Guest blog – Walshaw Turbine 35 by Nick MacKinnon

Photo: Lydia MacKinnon

Nick MacKinnon is a freelance teacher of Maths, English and Medieval History, and lives above Haworth, in the last inhabited house before Top Withens = Wuthering Heights. In 1992 he founded the successful Campaign to Save Radio 4 Long Wave while in plaster following a rock-climbing accident on Skye. His poem ‘The metric system’ won the 2013 Forward Prize. His topical verse and satire appears in the Spectator, and his puzzles and problems in the Sunday Times and American Mathematical Monthly. Email: [email protected] 


Guest blog – Walshaw Turbine 35 by Nick MacKinnon

Map of walk to T35 Flaight Hill. Image: Nick MacKinnon

Turbine 35: Flaight Hill  SD 988 332 ///midwinter.undulation.civic


9 February 2024 Group Captain James Stagg didn’t have a weather app on his mobile phone but was able to tell General Eisenhower that June 5 would be too windy for my father’s first trip abroad. On July 9, still aged 17, Dad saw “the sky black from horizon to horizon with bombers” at Caen, before being shot. He was training for a glider assault on the paddy fields of mainland Japan when the war ended. I have his Penguin Hiroshima (John Hersey) which he thought described the price of his own survival; and Crime and Punishment, read by the coal fire in the Spitalfields police section house. His review is the best of any book I know: “There’s a boy walking in the dark with an axe under his long coat, and I think, “O my God, he’s going to kill the old woman!”

My app forecast yesterday’s big dump of snow a week ago, but also today’s big thaw. I am hoping the secret Bannister track around the backwards question mark of CWF will be skiable, but at Lee Shaw reservoir yellow meltwater is already pouring down the ruts of Bodkin Lane.

Lee Shaw reservoir. Photo: Nick MacKinnon

Had I placed my ski-bag less ostentatiously you might have seen the divine summer house or ‘valve-shaft housing’ on the outlet tower. It’s so murky I can’t decide whether it’s eight or ten-sided, but it reminds us of a time when our civic infrastructure had style because it was ours. The gate’s circular arcs are Oxenhope pattern, which stops someone from Haworth filling their gap with your gate like a sink plug in the Soviet Union. There is a splendid iron sign, cast in sand by some forgotten Keighley foundry.


A Canada goose is explaining Mr Swarbrick’s policy to a seagull, but otherwise nothing stirs in the fog. I mumble to myself about the mysterious Waltonians (are they a Muggletonian splinter group?) and only twigged (Isaak Walton!) after sleeping on it. Baffled, I plod up the relentless track to Top of Stairs, wearing the ski-bag like an albatross.

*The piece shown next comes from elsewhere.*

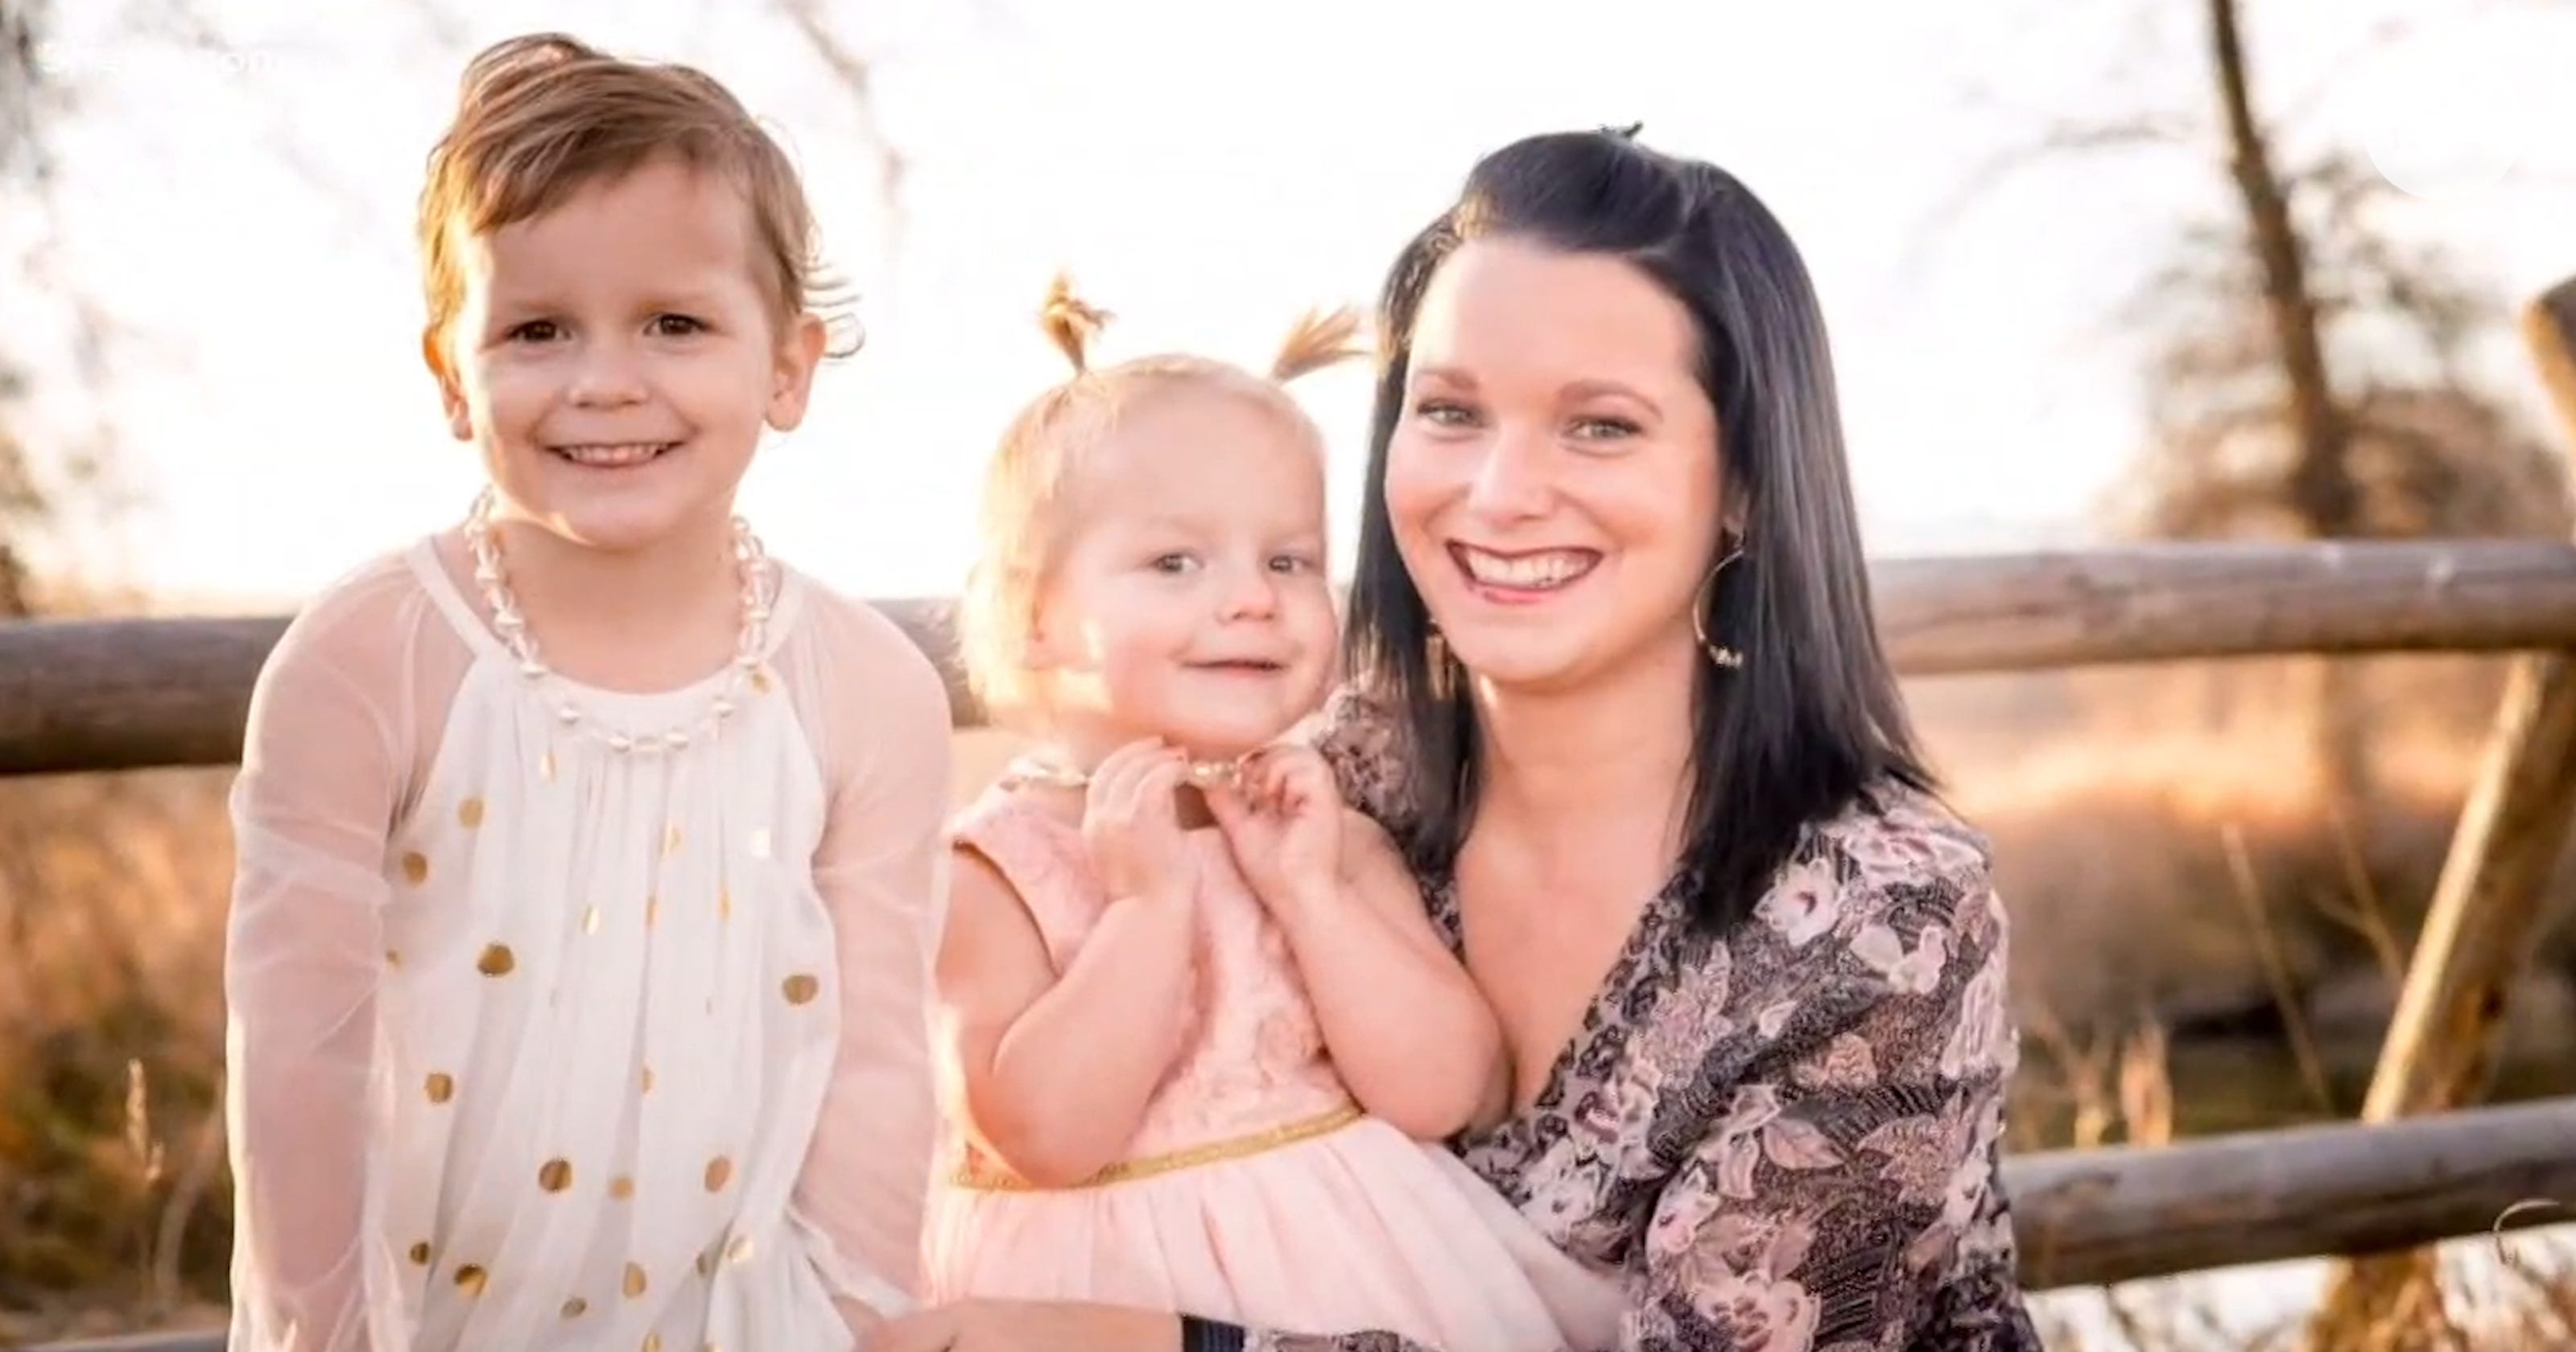 Chris Watts and Shanann Watts: What led to deaths of pregnant wife, kids?

I mull Dastardly Dick Bannister’s scoping application prepared by his consultant Muttley for a reported £4 million (wheezy snicker).

The dog that didn’t bark in response to scoping is Yorkshire Water, who are more intimately entangled with Mr Bannister than the protagonists of Hokusai’s Dream of the Fisherman’s Wife. It is inevitable that CWF’s vast disruptions to peat will affect water quality. Moors for the Future put the costs of particle removal under normal conditions at £2000 – £4000 per week per catchment. On the other hand, the land value of the YW portfolio will rocket if their 30000 hectares (thirteen CWFs) can be booked as “potential wind farm” instead of “failing grouse moor”. We won’t hear a whimper out of YW once they’ve got their £200,000 p.a. “Stick it to the man YW!” but we will be paying for this peat treatment in our electricity standing charges, and then again in our water bills. YW long for this wind farm as much as they must long to simplify the Lee Shaw valve shaft housing. Key Opportunity 8 in a sad little paper Generating Value from YW Land is “Selling gravel from our sewage farm filter beds”. Form an orderly queue. I shall be generous in my apology if YW does object, because they can kill CWF, but it would be like fishermen’s wives voting against octopuses.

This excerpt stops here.